Risikopatienten sollten die vierte Corona-Impfung bekommen, sagt Gesundheitsminister Lauterbach im ZDF. Ab Herbst könnten Frischgeimpfte drei Monate von Masken befreit werden.
09.08.2022 | 06:56 min
Bundesgesundheitsminister
Karl Lauterbach (
SPD) hat im ZDF heute journal Stellung bezogen zur Kritik an seinem Vorschlag für das künftige
Infektionsschutzgesetz im Kampf gegen das
Coronavirus. Die Vorlage sieht eine mögliche Rückkehr zur
Maskenpflicht in Innenräumen vor. Menschen, die innerhalb der zurückliegenden drei Monate jedoch vollständig geimpft wurden, getestet oder genesen sind, sollen von der Regelung ausgenommen werden.
Gesundheitsminister Lauterbach verteidigt im Interview mit Marietta Slomka die geplanten Ausnahmen. Testergebnisse zu angepassten
Impfstoffen wiesen darauf hin, dass sie auch gut vor Ansteckung schützten. Die Impfstoffe sollen ab Herbst auf den Markt kommen. Aus diesem Grund könnten Frischgeimpfte für drei Monate von der Maskenpflicht in Innenräumen befreit werden, so der Gesundheitsminister.

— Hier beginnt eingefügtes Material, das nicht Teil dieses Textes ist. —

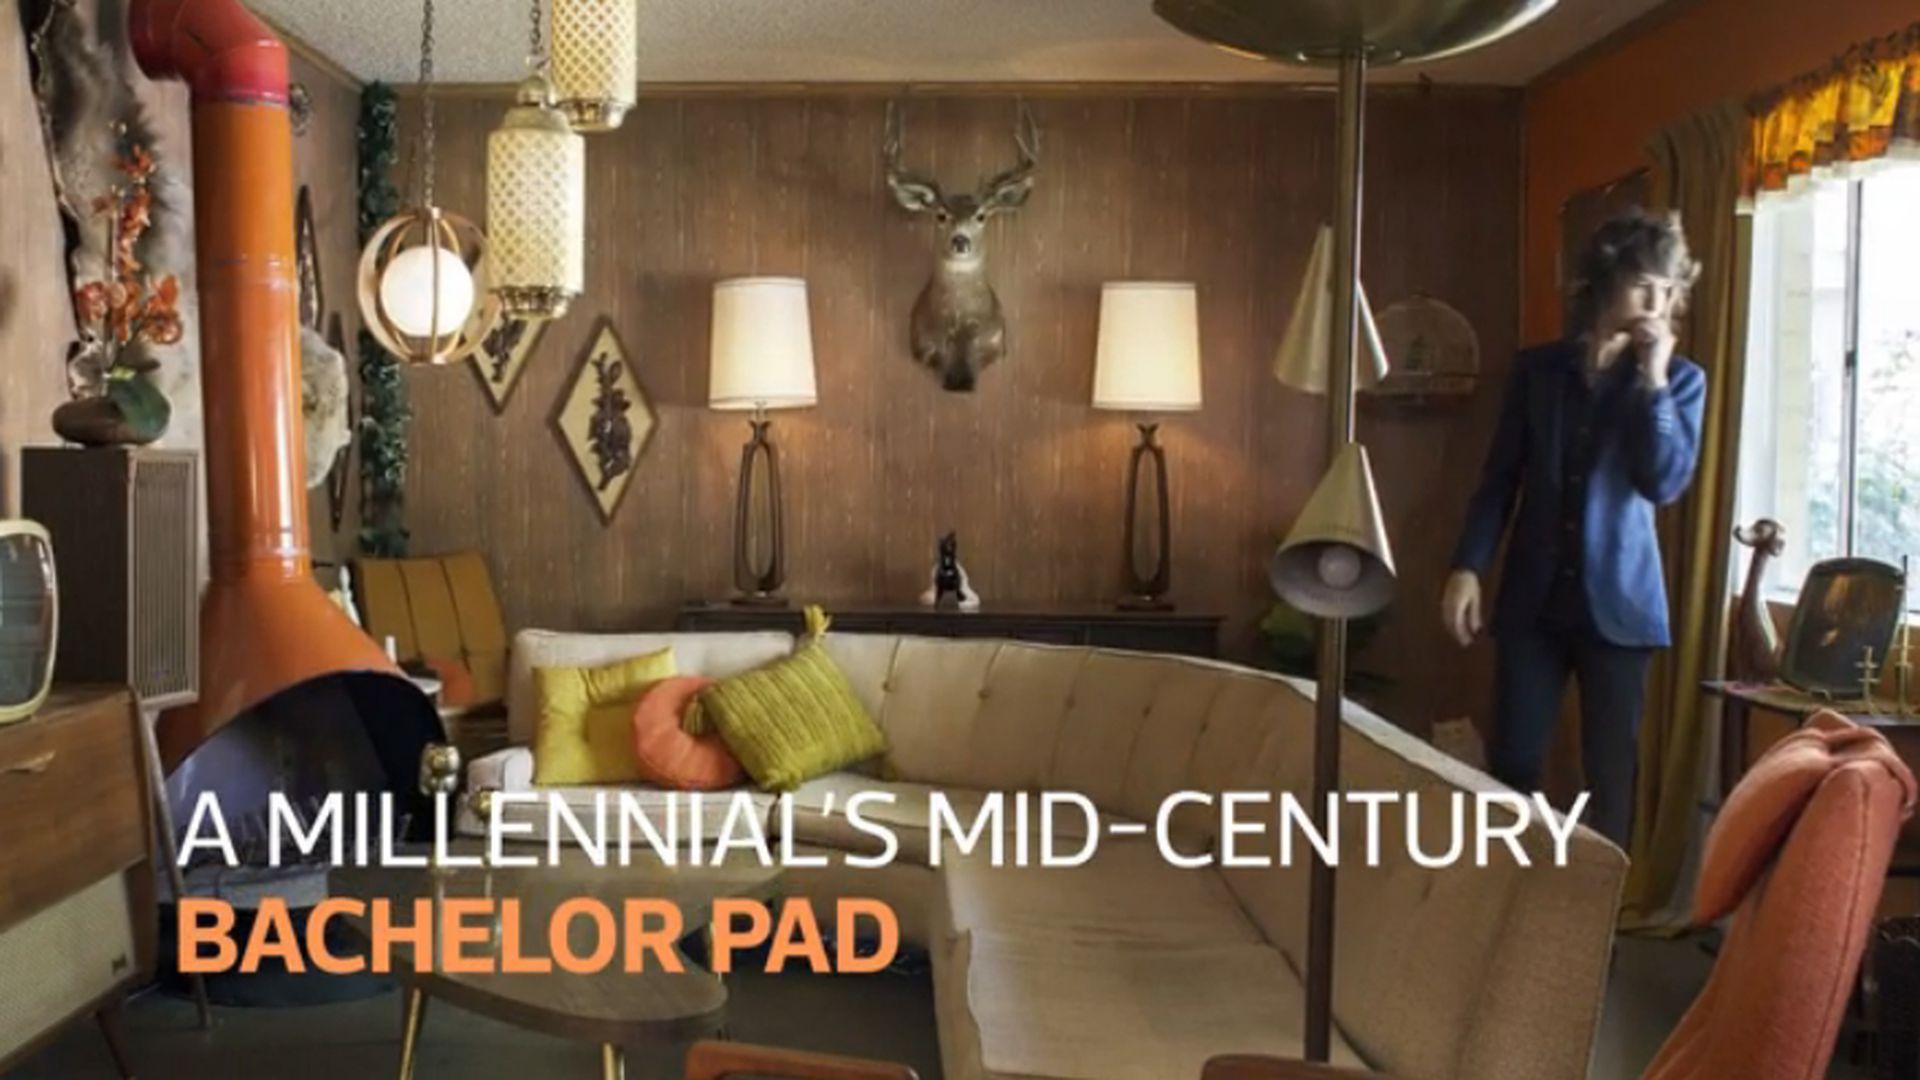 A Millennial Creates Time Capsule Bachelor Pad

Sehen Sie das gesamte Interview oben im Video und lesen Sie es hier in Auszügen.
Lauterbach verweist auf Corona-Warn-App
Kontrolliert werden könne das mit einer farblichen Kennzeichnung des Impfzertifikats in der
Corona-Warn-App, "zum Beispiel grün statt blau wie normalerweise". Die Kontrolle des Zertifikats sei durch solch eine Kennzeichnung einfach, so Lauterbach.
Die Gesundheitsminister der Länder hatten die geplanten Ausnahmen scharf kritisiert. Nach Angaben von Sachsen-Anhalts Gesundheitsministerin Petra Grimm-Benne (SPD), die aktuell Vorsitzenden der Gesundheitsministerkonferenz ist, haben die Länder darauf hingewiesen, dass Masken-Ausnahmen nur schwer kontrollier- und umsetzbar seien.
Die Gesundheitsminister haben über ein neues Infektionsschutzgesetz ab Herbst beraten. Diskutiert wurden vor allem Ausnahmen von der Maskenpflicht und die vierte Corona-Impfung.
09.08.2022 | 02:56 min
Das sagt Lauterbach zum angepassten Omikron-Impfstoff
Der Gesundheitsminister gehe davon aus, dass die Corona-Impfstoffe, die Ende September oder Anfang Oktober kommen werden, auch vor Ansteckungen schützen würden. Die neuen Impfstoffe würden einen besseren Schutz als die aktuellen bieten.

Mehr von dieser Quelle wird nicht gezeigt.